Actually, it was more of a question than a story. Are these Greek techies the new Greek shipowners? And is Cyberspace their “Thalassa”?
In listening to them, I had to think so, for a number of reasons. From time immemorial, Greeks have been an entrepreneurial people whose homeland is unproductive. This was true in a purely agricultural era, when Greeks fanned out to the Black Sea basin, and to Sicily and Southern Italy, or in times closer to ours, when twentieth century Greeks literally and figuratively upped anchor for America or Australia. The rocky shores of their barren island sent my Hydriot ancestors to sea, and in a couple of generation these Arvaniti landlubbers boasted one of the best fleets in the East Mediterranean/Black Sea area.
Greeks have the entrepreneurial spirit, a built-in cosmopolitanism, and the guts. These guys, and so many like them, are proving it again.
Yet that alone was not what made me certain that they would succeed, and that my maritime analogy made sense. It was, rather, an interview I had with a good friend of mine in Greece, a former banking colleague, now a shipping company finance director. Among the other reasons he cited that Greek shipping was so successful is “that it never had anything to do with Greece.” By this, he meant the Greek government and Greek bureaucracy. Ships were by definition mobile, as were capital and the ships’ markets. The owners and (in the past) the crew were Greeks, and the money fed their families, but the owners kept their profits and registrations abroad. When I was a banker in Greece, I used to get a kick out of trying to decipher the corporate structure and ownership of Greek shipping companies, and I’m a lawyer!
Greece’s bloated, venal, and chaotic bureaucracy is nothing new. Greece has been that way from the beginning, in part a cultural legacy from the Ottomans but also, in its bloated size and inefficiency, an absorber of excess labor in patronage jobs. This creaking system should have died a quiet death years ago but the EU funds and the cheap interest rates of the Euro kept a comatose system alive, and now Tsipras wants to squeeze blood further out of a turnip. Knowing this, Greek shipowners limit their footprint in Greece, and in current times, may remove themselves altogether.
These Cyber-Greeks are operating in similar fashion. Their markets are abroad, the very nature of the digital environment is global and instantaneous. The nature of their business cannot be compatible with a creaking state structure which is hardly digital and utterly unfriendly to business. It is why ideas that would have been stillborn in Greece often have to spirit themselves to America or elsewhere to see the light of day. Just as their companies and ideas, these entrepreneurs, with ideas and skills in demand, may abandon Greece altogether.
The two I talked to, however, like many others, while having a presence abroad, were determined to make their business in their country, and to employ their fellow Greeks, a labor of love and faith I absolutely admired. When I asked about how the dealt with those of us who know Greece call “The Greek Reality,” they nodded knowingly and called it a challenge and cost of doing business. They saw themselves at the forefront of a change that Greece needs, and every sentient Greek knows this.
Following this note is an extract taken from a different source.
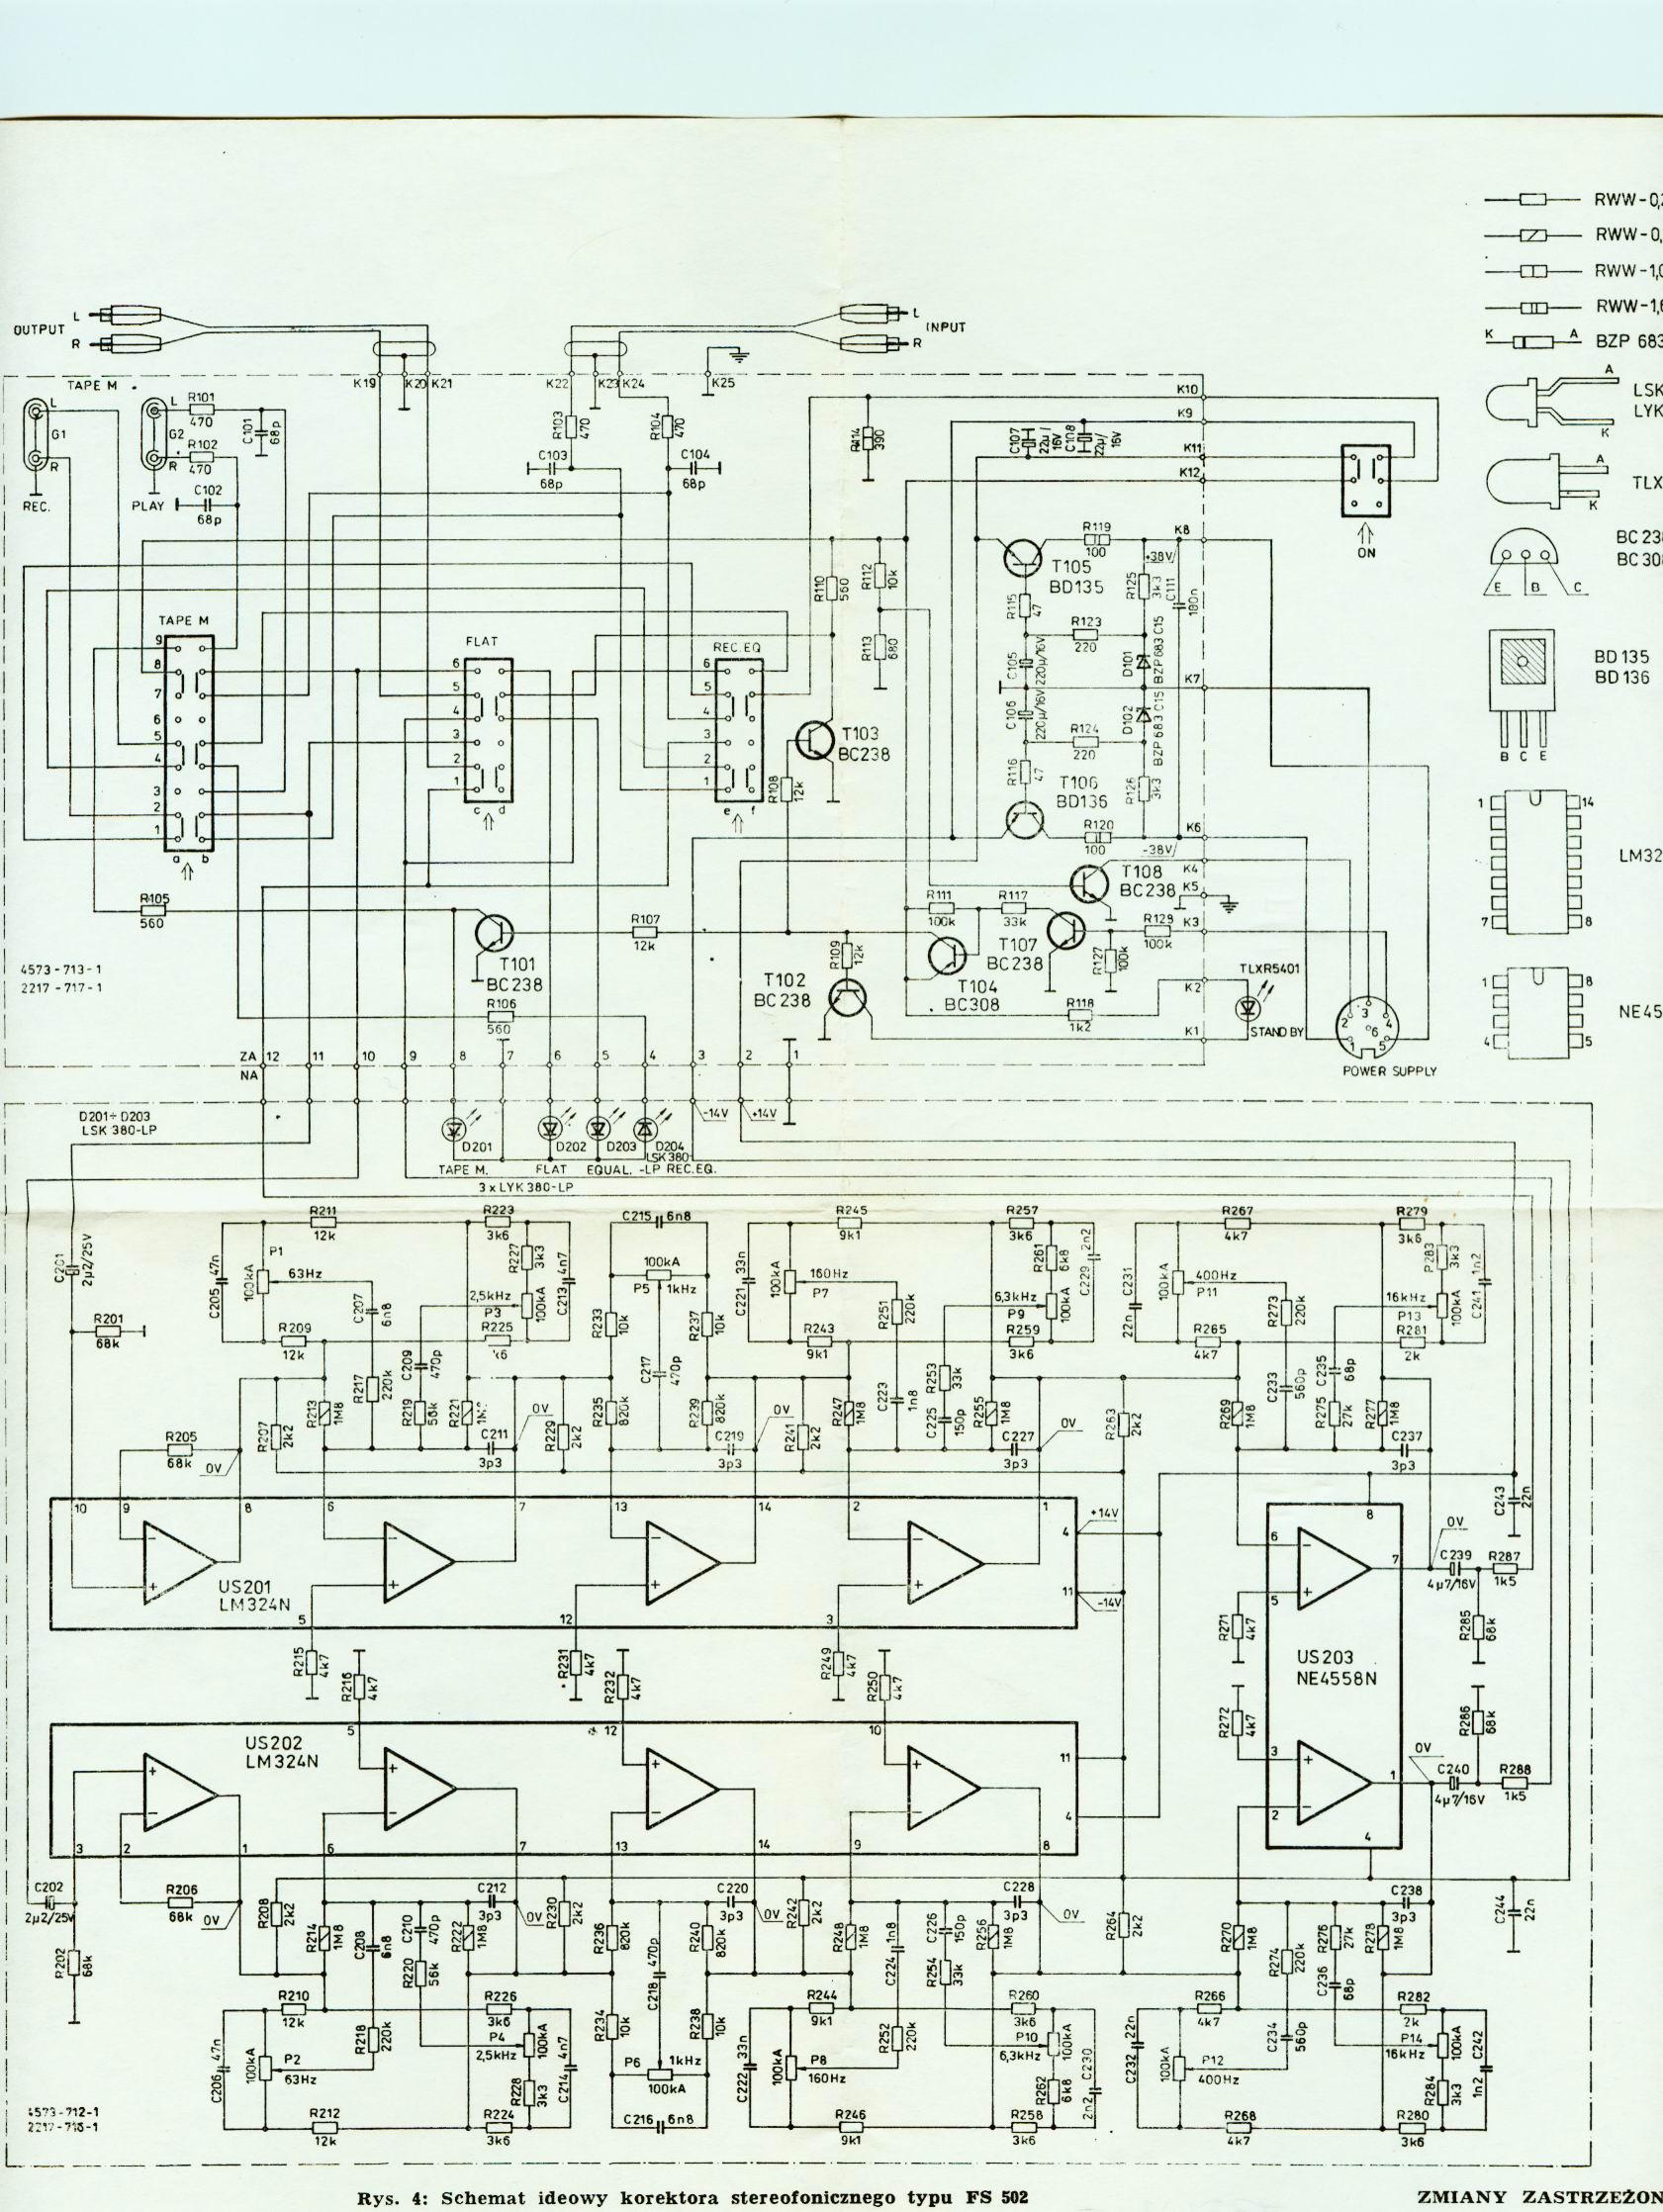 Korektor Diora FS 502 nie dzia�a lewa korekcja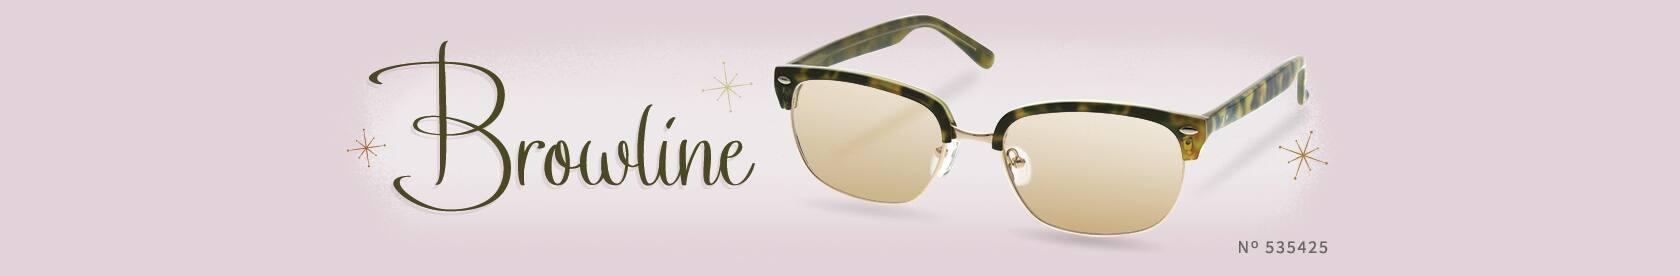 Browline Glasses Zenni Optical : Browline Style Browline Glasses Zenni Optical

As I sipped my coffee, I listed to one of them, “We are hoping that in several years’ time, efforts such as ours will bring back the [hundreds of thousands] of Greeks who have left in the past few years.” I admired his will to optimism. “That’s a big IF,” I said. “Yes,” he agreed, laughing sadly.
I too must believe in this “if,” as I love my country, and as a father of two young children who deserve the optimism I grew up with, I close this year’s column saluting the optimism of two young Greeks sailing bravely on the digital waves. Islanders such as my Hydriots say, “The good captain shows himself in the storm.”